City Of Los Angeles Concedes Defeat In My California Public Records Act Petition Based On Cedillo Staffer Mel Ilomin’s Wildly Unsupportable Exemption Claims — They Settled Up And Paid $4,720 In Fees And Costs — It Seems To Me Personally That It Would Be More Efficient Just To Follow The Damn Law From The Get-Go — Rather Than Paying $5K Every Time Some Council Staffer Feels Like Throwing His Toys From The Pram — But I Am Willing To Admit That I Have Zero Experience In Running Major Cities — So Perhaps This Loss Is A Net Win For The City In Some Inscrutable Way That We Amateurs Have No Hope Of Unscrewing — Concluding With An Unscientific Postscript On What Bethelwel Wilson’s Petulance Reveals About Some Ad Hoc Bullshit CPRA Obstructionism That Mike Dundas Made Up One Time

Recall that in June of this year I was forced by the utterly indefensible intransigence of Gil Cedillo staffer Mel Ilomin, who would persist in his bizarre claims that some emails between his office and LAPD were exempt from production under the California Public Records Act, to file a writ petition seeking to enforce my rights under that hallowed law. And less than a month later the City caved and produced a bunch of emails.
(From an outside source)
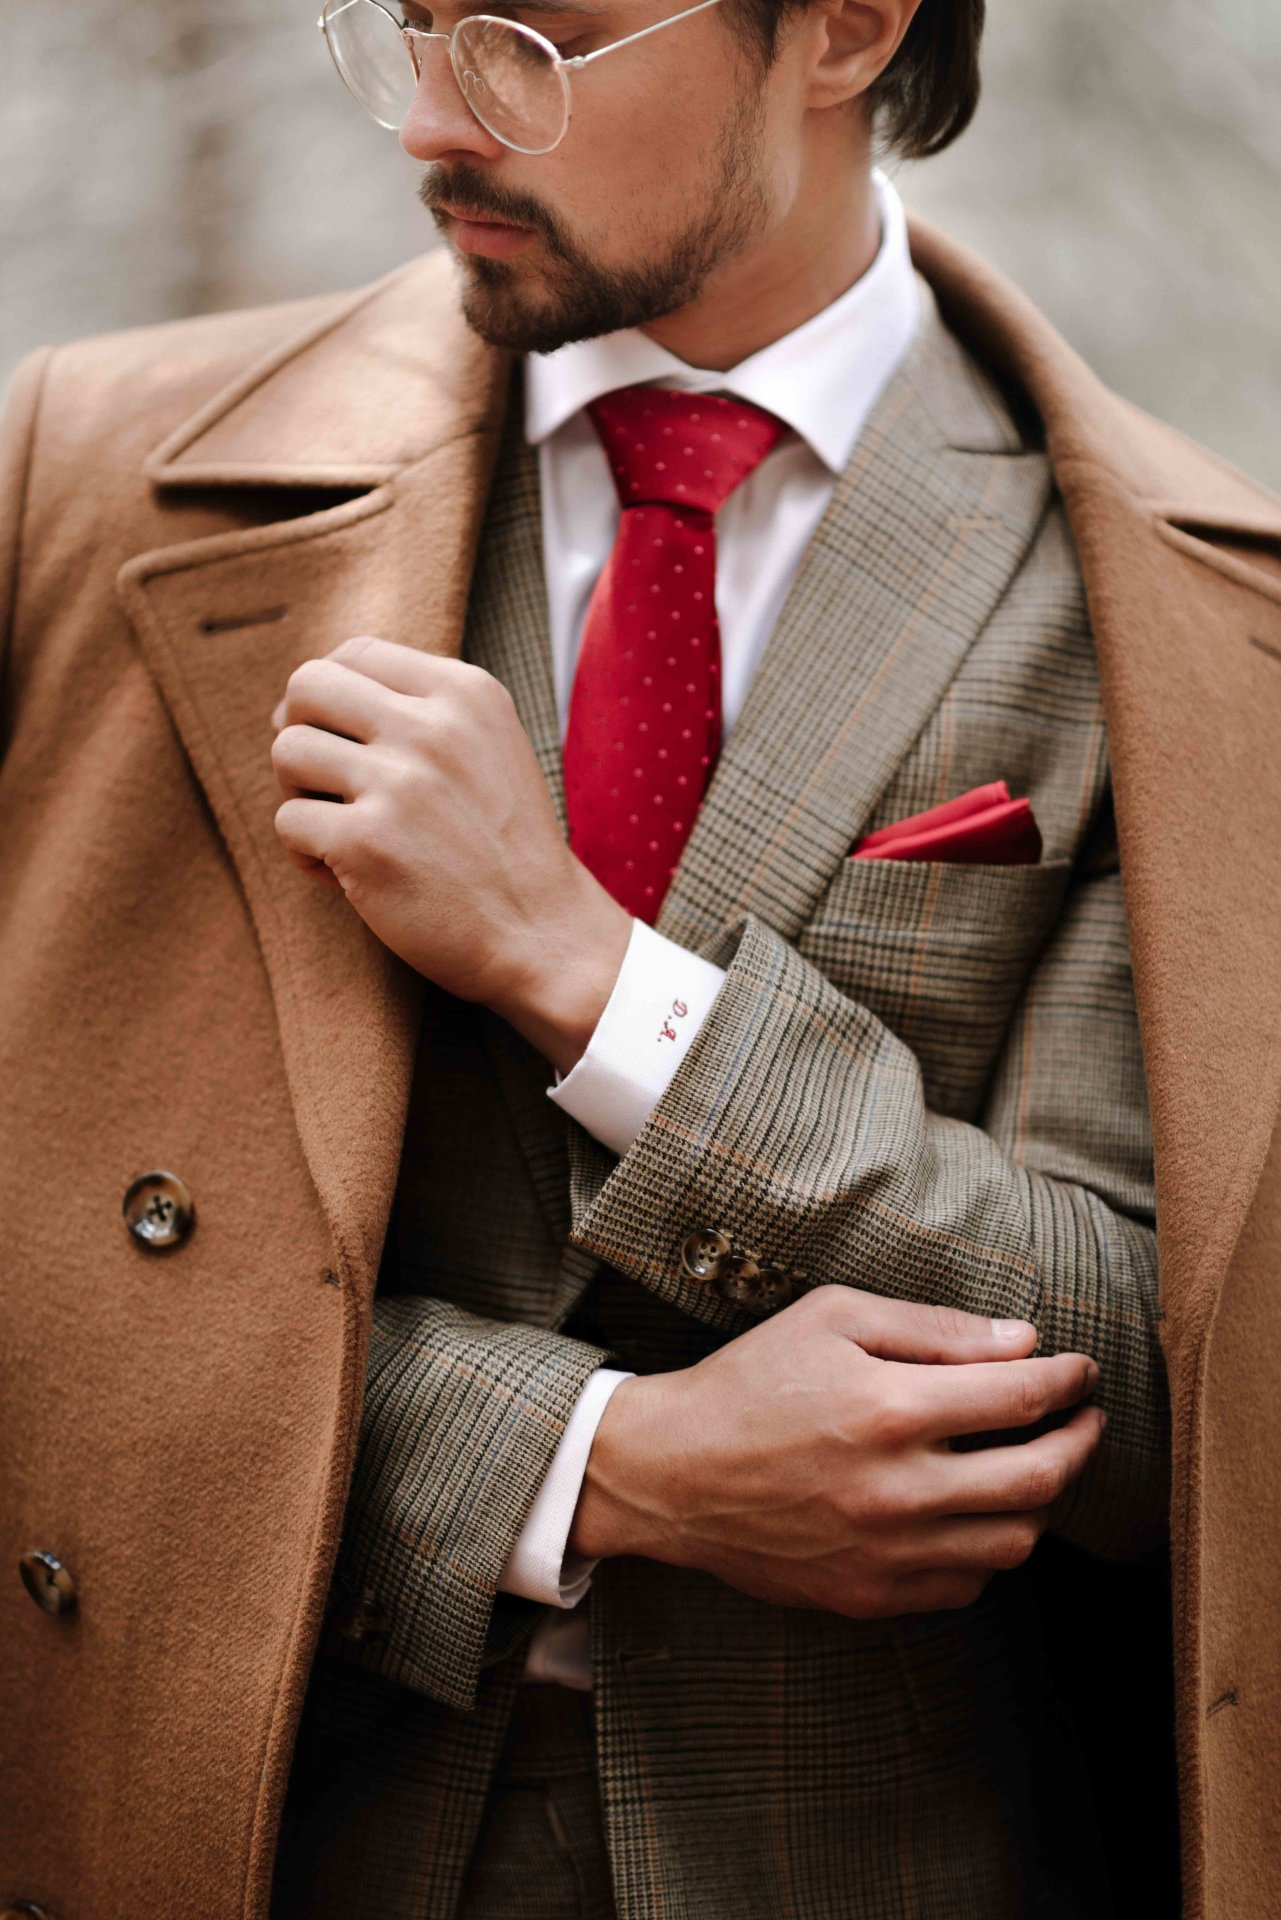 Model: Dmitry     Brand: Sereno del Sordo     Sereno del Sordo es una marca mexicana de Gilberto Brizuela, ubicada en León, Guanajuato se dedica a crear trajes exclusivos y a la medida ofreciendo elegancia y estilo. La nueva línea Ferrara, inspirada en la fuerza del viento, presenta abrigos

Which, as you may know, makes me the prevailing party which, as you also may know, means that the City must pay my attorney’s fees and the court costs, which they just recently did to the tune of $4,720, and here is a copy of the settlement agreement laying out the terms.1 And one of the tragic aspects of this basically silly little case is that they have not mended their ways in the least. City offices continue to make totally bogus exemption claims for which the only remedy is another suit. And if that’s what the City wants, well, I’m not going to be the one to disappoint them.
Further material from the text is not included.